So I am glad that I went to school when the importance of the culture of the past was still recognized. In the '50s I went to a totally undistinguished Australian country school but came away from it not only with some knowledge of mathematics, chemistry and physics but also a knowledge of the great poets, a basic grasp of Latin and Italian -- and a good introduction to the language and literature of Germany. At age 15 I was even learning to recite and sing Schubert Lieder in the original German. And I knew English language poems by Tennyson and others by heart. And it was also courtesy of my school that, at age 13 or thereabouts, I first heard Bach's Toccata and Fugue in D minor.
But most of that will be Greek to young readers today. They have no idea of how much enjoyment and satisfaction has been hidden from them.
So how come I learnt all that highbrow stuff in a country school half a world away from where it originated? It was basically because Britain's very prestigious "public" (meaning private!) schools taught that sort of thing. And because of the acknowledged excellence of such schools, they became a model that everyone wanted to emulate. I was, in short, taught a curriculum not too different from what I would have got at Eton.
But nowadays everything from the past is wrong in our Left-dominated educational system so Eton traditions are the last thing that a "modern" educator would respect.
And yet the past can be so helpful. Readers of novels, for instance, always have the problem that you usually have to read a fair bit of a novel before you know whether it is any good. Without guidance of some sort you cannot know in advance whether a novel is worth reading and you can waste a lot of time on something that in the end gives you nothing.
But classic novels are classics because lots of people have found them good over a long period of time and recommended them to others. They are the sort of book of which people have long said: "You MUST read ...". So knowing which are the classic novels can greatly upgrade the pleasure you get out of reading.
For instance, I greatly enjoyed reading many years ago what some say is only the second novel ever written in English -- "Joseph Andrews" by Fielding. Can anybody who has read that book forget "Madam Slipslop"? I cannot. Sometimes a classic novel has great insights but it is always entertaining. And fortunately, you can get a reading list of great novels and enjoy them.
It's not so simple with poetry. The great pleasure of poetry is not to read it just once but to KNOW it. And that means to know at least some of it by heart. If you do, you will often recite it, either out loud or just in your head. And you will enjoy doing that. But there's the difficulty: The older you get the harder it is to memorize things.
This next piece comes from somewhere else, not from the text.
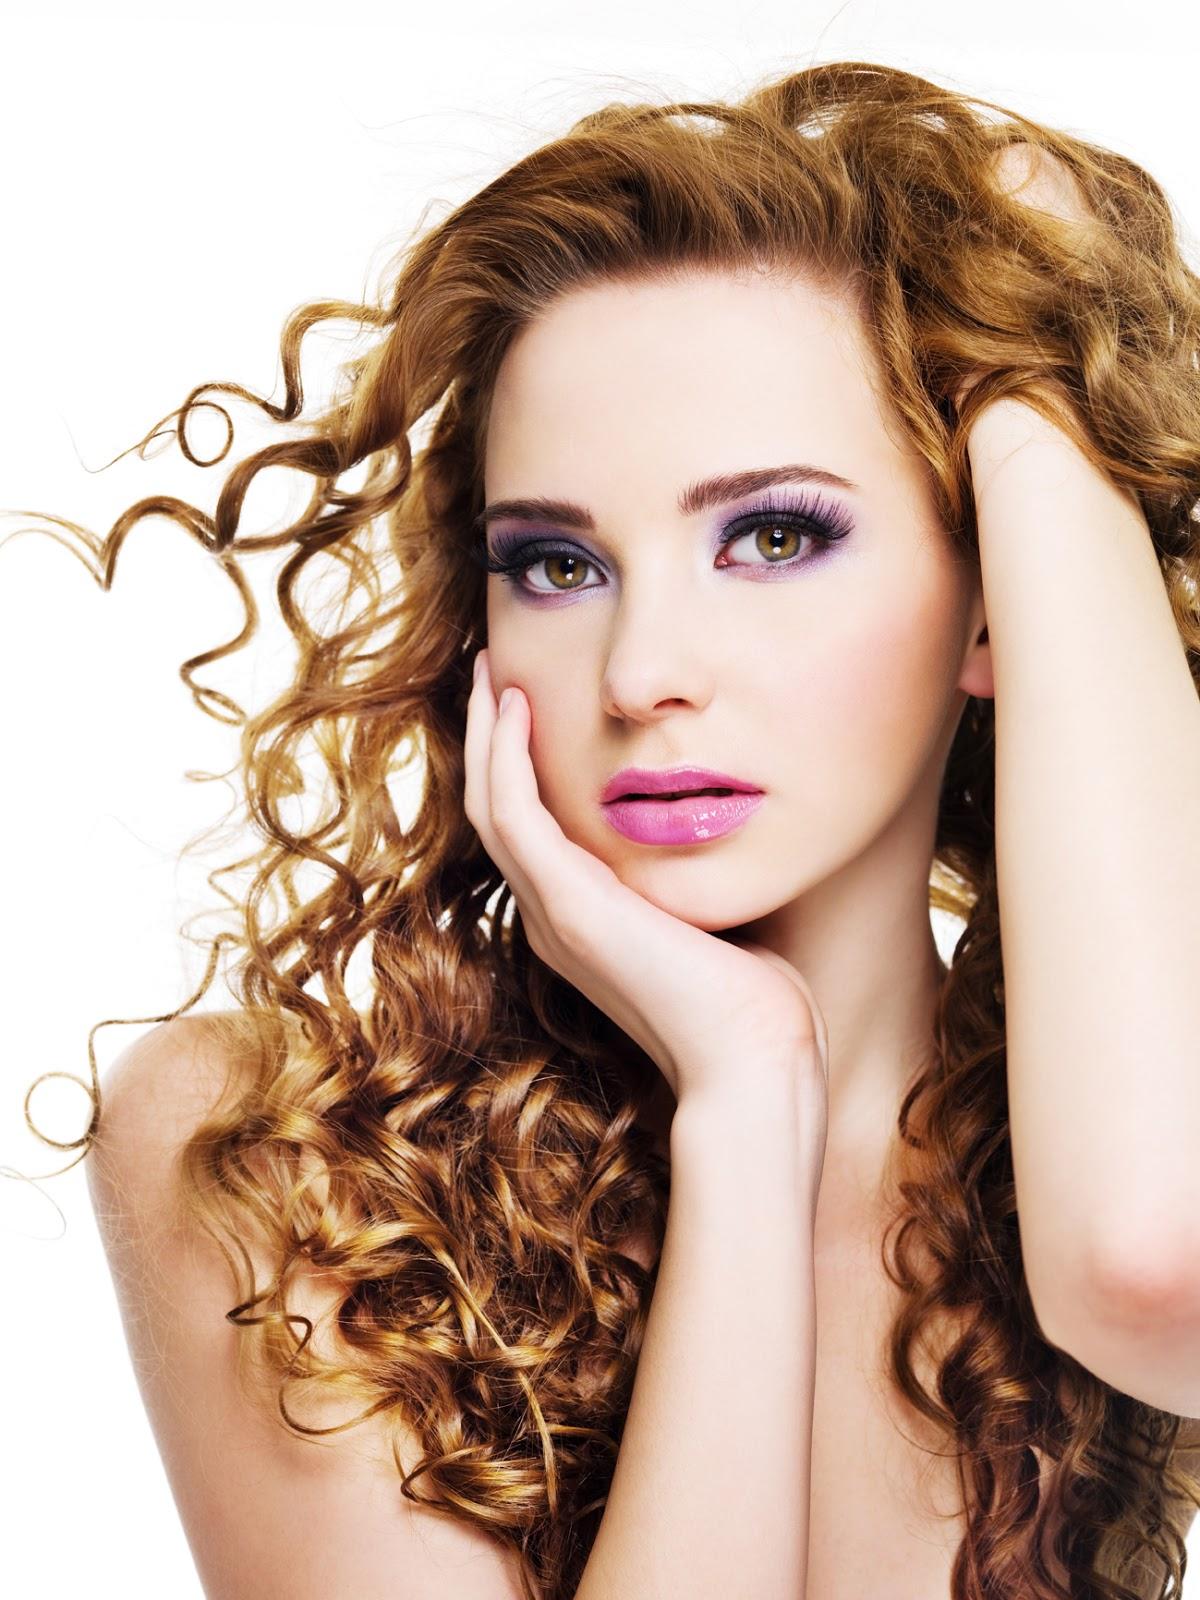 Peinados y moda lindos peinados rizados para mujeres sexys - Peinados bonitos para ninas ...

Anything that needs memorizing basically has to be done when you are young -- preferably at school. So if you were never taught any of the great classic poems at school, the pleasure of poetry has basically been ripped away from you. Sorry. But that's it. If you want to try yourself out, here is a famous but short poem by Tennyson. It's a lament over the death of his homosexual lover. The Left seem to think they have invented homosexuality recently. They have not.
Break, Break, Break
BY ALFRED, LORD TENNYSON
Break, break, break,
On thy cold gray stones, O Sea!
And I would that my tongue could utter
The thoughts that arise in me.
O, well for the fisherman's boy,
That he shouts with his sister at play!
O, well for the sailor lad,
That he sings in his boat on the bay!
And the stately ships go on
To their haven under the hill;
But O for the touch of a vanish'd hand,
And the sound of a voice that is still!
Break, break, break
At the foot of thy crags, O Sea!
But the tender grace of a day that is dead
Will never come back to me.
It's a wonderful and heartfelt poem by a master of the English language. I learnt it at school.
And then there is music. Fortunately, the simpler music from the past has been much revived by the folk music movement -- so remains accessible regardless of your education. It was the folkies who introduced to "Cutty Wren", written over 200 years ago. If you know that song can you ever forget "John the red nose"? I cannot.
But some of the slightly more complex songs from the past should also be enjoyable to many. I think particularly of madrigals. They were once taught as part of a good education. In some private schools they still are. Take Monteverdi's
Chiome d' Oro ("Tresses of gold"). It's a love song to a lady with blonde hair! A not unfamiliar idea, though probably politically incorrect these days. The many ladies who blond their hair these days would sympathize. A good performance
here. It's wonderful. Monteverdi wrote it around 400 years ago. Words translated from the Italian
here.
And that brings me to another important cultural element: languages. If you learn (say) German at school you will almost certainly never get to the point of being able to have a reasonable conversation in it. That is not the point. It is much more likely that you WILL get to the point where you can make some fist of reading texts in that language. And that IS useful.
Translating plain text into English from another language is difficult enough but translating a work of art into English is just about impossible. The translation will never be as gracious as the original. That came home forcefully to me when I was reading the translation of Chiome d' Oro. Italian was one of the languages I studied in my schooldays and the translation of Chiome d' Oro is nowhere as magical as the original Italian. Every Italian would agree with me on that! You just miss so much if your cultural awareness is limited to English.
All that came back to me recently when Anne asked me "Who is this Goethe fella?". Johann Wolfgang von Goethe is of course Germany's most famous and beloved poet. And seeing that he wrote in the land of music, it is no surprise that his poems have been set to music -- by Hugo Wolf, Franz Schubert and others. Some of Schubert's most famous Lieder are to texts written by Goethe. So I was able to introduce Anne to Goethe via the Schubert Lieder.
So, for the benefit of anybody reading this who might have an interest in classical music let me link to just two of the songs I found. Let me revisit some things that it has been my great good fortune to enjoy for nearly 60 years.
There is for instance
here a good rendition of
Gretchen am Spinnrade set by Schubert. It is a love song. It is from the legend of Faust, the man who sold his soul to the Devil. Faust wanted Gretchen so the Devil made her fall frantically and hopelessly in love with him. The song tells of her feelings. A translation from the German:
My peace is gone,
My heart is heavy,
I will find it never
and never more.
Where I do not have him,
That is the grave,
The whole world
Is bitter to me.
My poor head
Is crazy to me,
My poor mind
Is torn apart.
For him only, I look
Out the window
Only for him do I go
Out of the house.
His tall walk,
His noble figure,
His mouth's smile,
His eyes' power,
And his mouth's
Magic flow,
His handclasp,
and ah! his kiss!
My peace is gone,
My heart is heavy,
I will find it never
and never more.
My bosom urges itself
toward him.
Ah, might I grasp
And hold him!
And kiss him,
As I would wish,
At his kisses
I should die!
And if the song is good, just the music Schubert wrote for it is great too. There is an incredibly sensitive performance of it for solo piano by a Chinese lady -- Yuja Wang --
here. What a treasure it is that the East Asians seem to like our classical music even more than we do! If, as seems likely, the Leftists achieve the destruction of our civilization, China will preserve our great cultural treasures.
And, getting back to Goethe, there is
Erlkoenig set by Schubert -- one of the most famous of the Schubert
Lieder. A version sung by the young Dietrich Fischer-Dieskau (a famous German baritone) is
here -- with English subtitles. The story is of an ill child who is having hallucinations while his father is riding frantically to get the child home. It is very dramatic.